This revives #14962. See benchmark chart in
<#14962 (comment)>.
#14962 was closed because we found more bugs in `cargo package`, and
#14962 could potentially make them even harder to fix. Two of them have
been fixed so this is good to ship IMO with its own good.

---

An improvement #14955.

`check_repo_state` checks the entire git repo status. This is usually
fine if you have only a few packages in a workspace.

For huge monorepos, it may hit performance issues.

For example,
on awslabs/aws-sdk-rust@2cbd34d
the workspace has roughly 434 members to publish.
`git ls-files` reported us 204379 files in this Git repository. That
means git may need to check status of all files 434 times. That would be
`204379 * 434 = 88,700,486` checks!

Moreover, the current algorithm is finding the intersection of
`PathSource::list_files` and `git status`.
It is an `O(n^2)` check.
Let's assume files are evenly distributed into each package, so roughly
470 files per package.
If we're unlucky to have some dirty files, say 100 files. We will have
to do `470 * 100 = 47,000` times of path comparisons.

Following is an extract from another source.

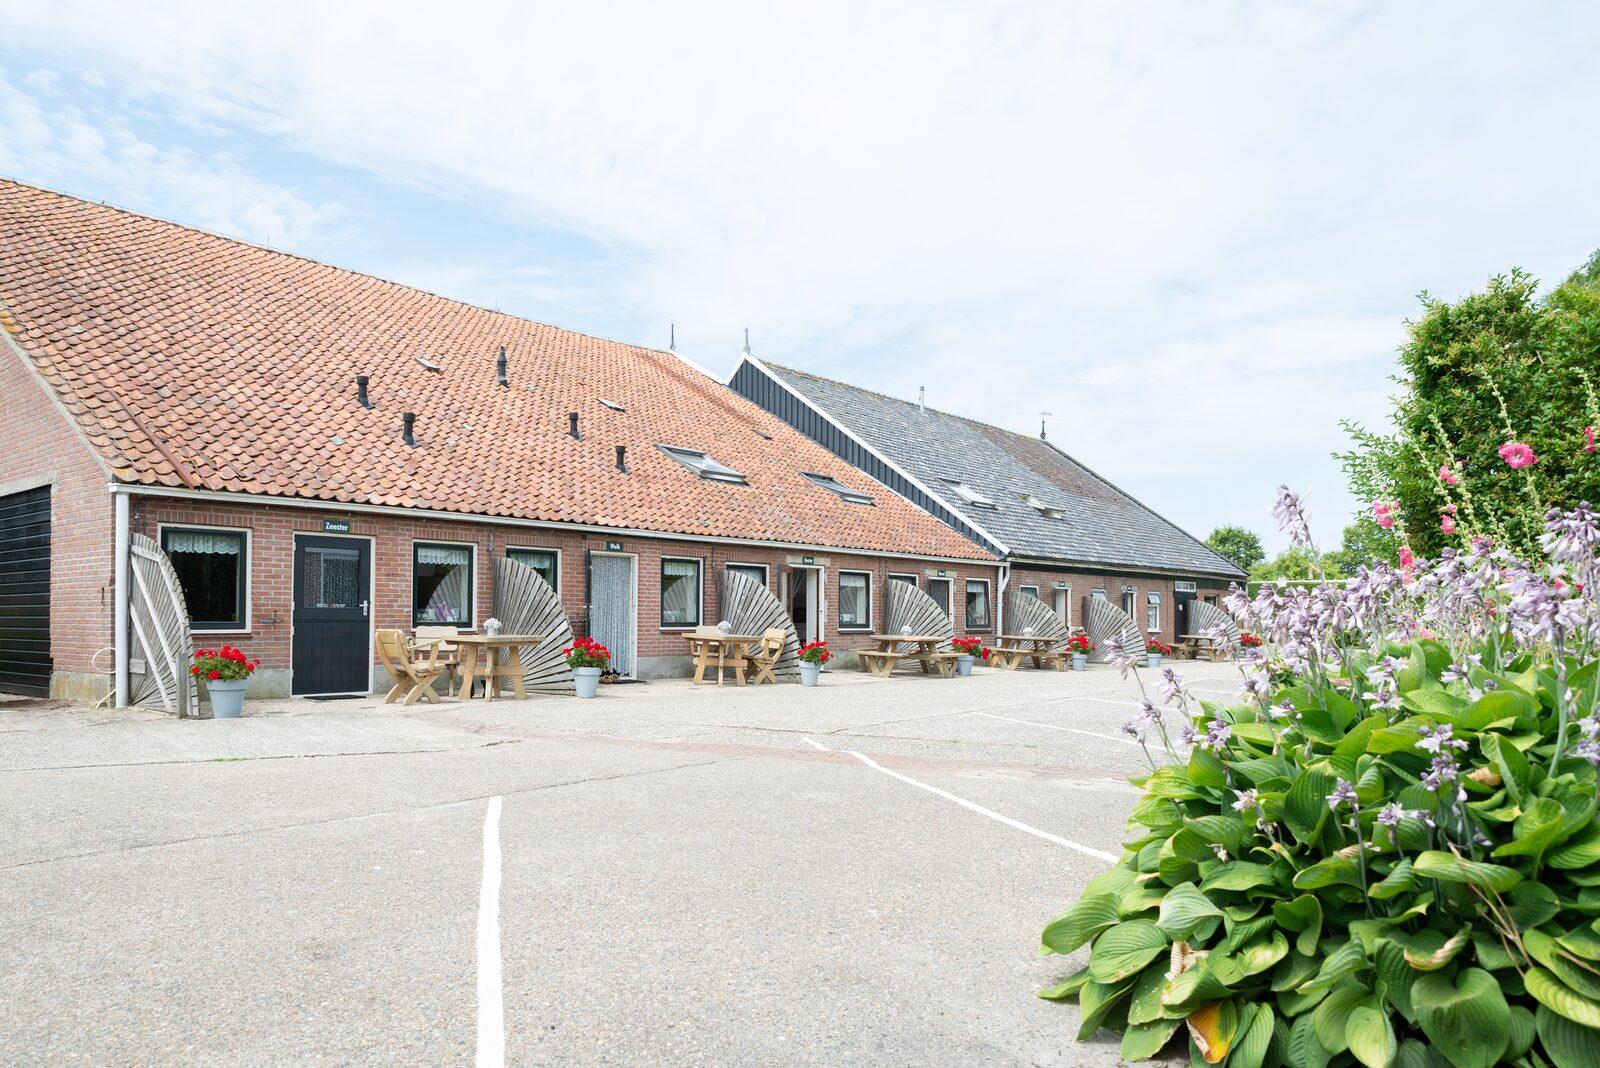 "Vakantiehuis - Lokkershofweg 7 | Noordwelle ""Kreeft, Zeester, Wulk''"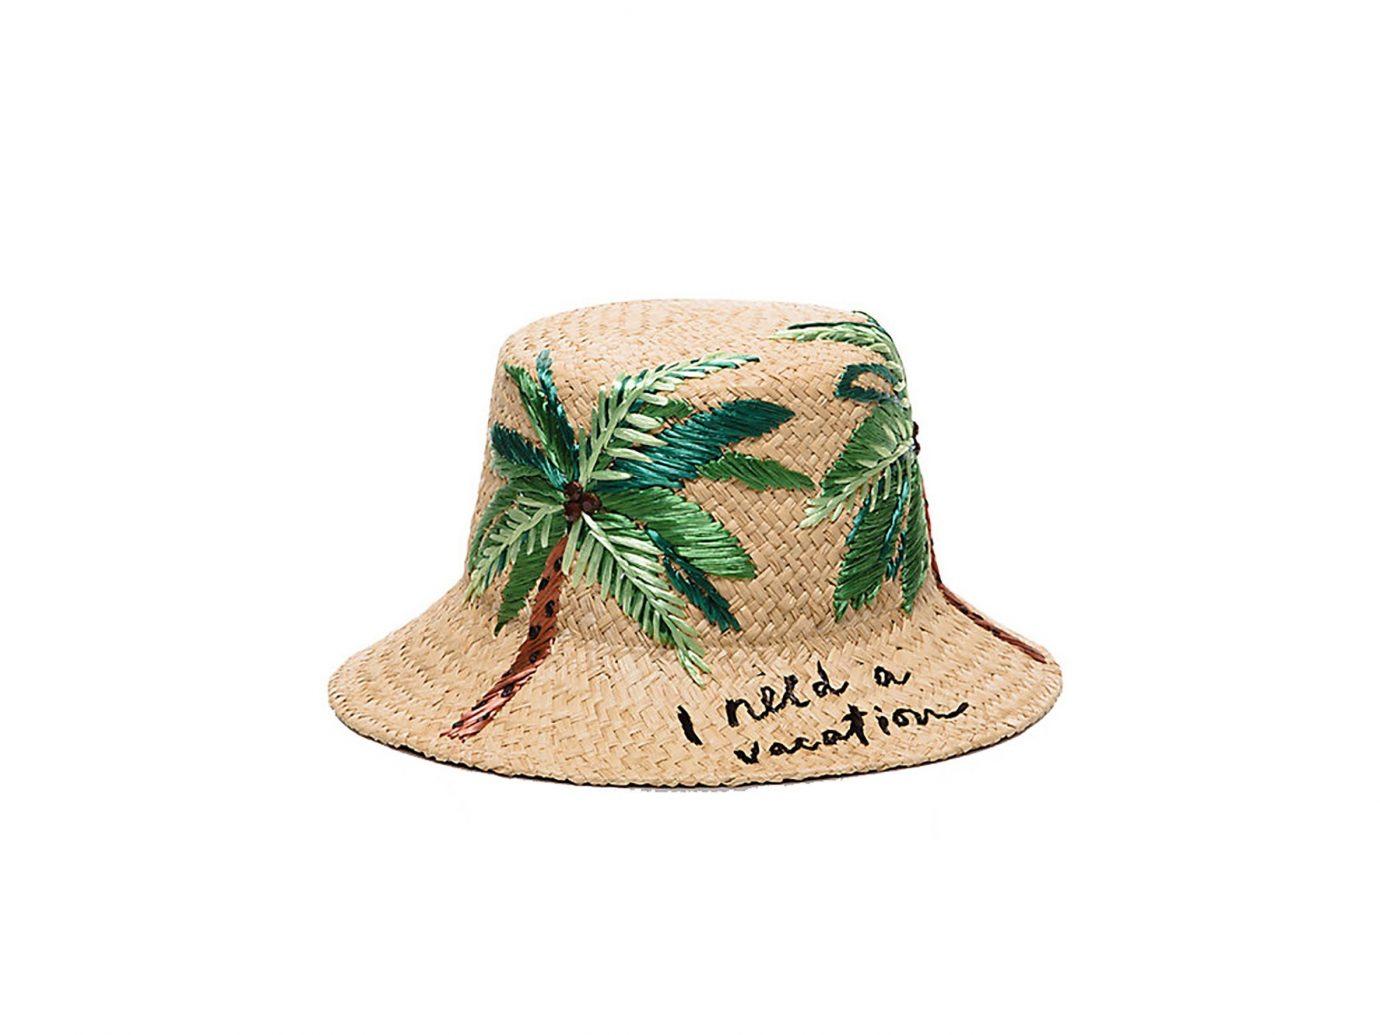 1302dda77e6 Style + Design footwear clothing hat shoe cap fashion accessory outdoor shoe

Even worse, because we `git status` everything in the repo, we'll have
to it for all members,
even when those dirty files are not part of the current package in
question. So it becomes `470 * 100 * 434 = 20,398,000`!

#### Solution

Instead of comparing with the status of the entire repository, this
patch use the magic pathspec[1] to tell git only reports paths that
match a certain path prefix.

This wouldn't help the `O(n^2)` algorithm,
but at least it won't check dirty files outside the current package.
Also, we don't `git status` against entire git worktree/index anymore.

[1]:
https://git-scm.com/docs/gitglossary#Documentation/gitglossary.txt-aiddefpathspecapathspec

### How should we test and review this PR?

Run this command against
awslabs/aws-sdk-rust@2cbd34d,
and see if it is getting better.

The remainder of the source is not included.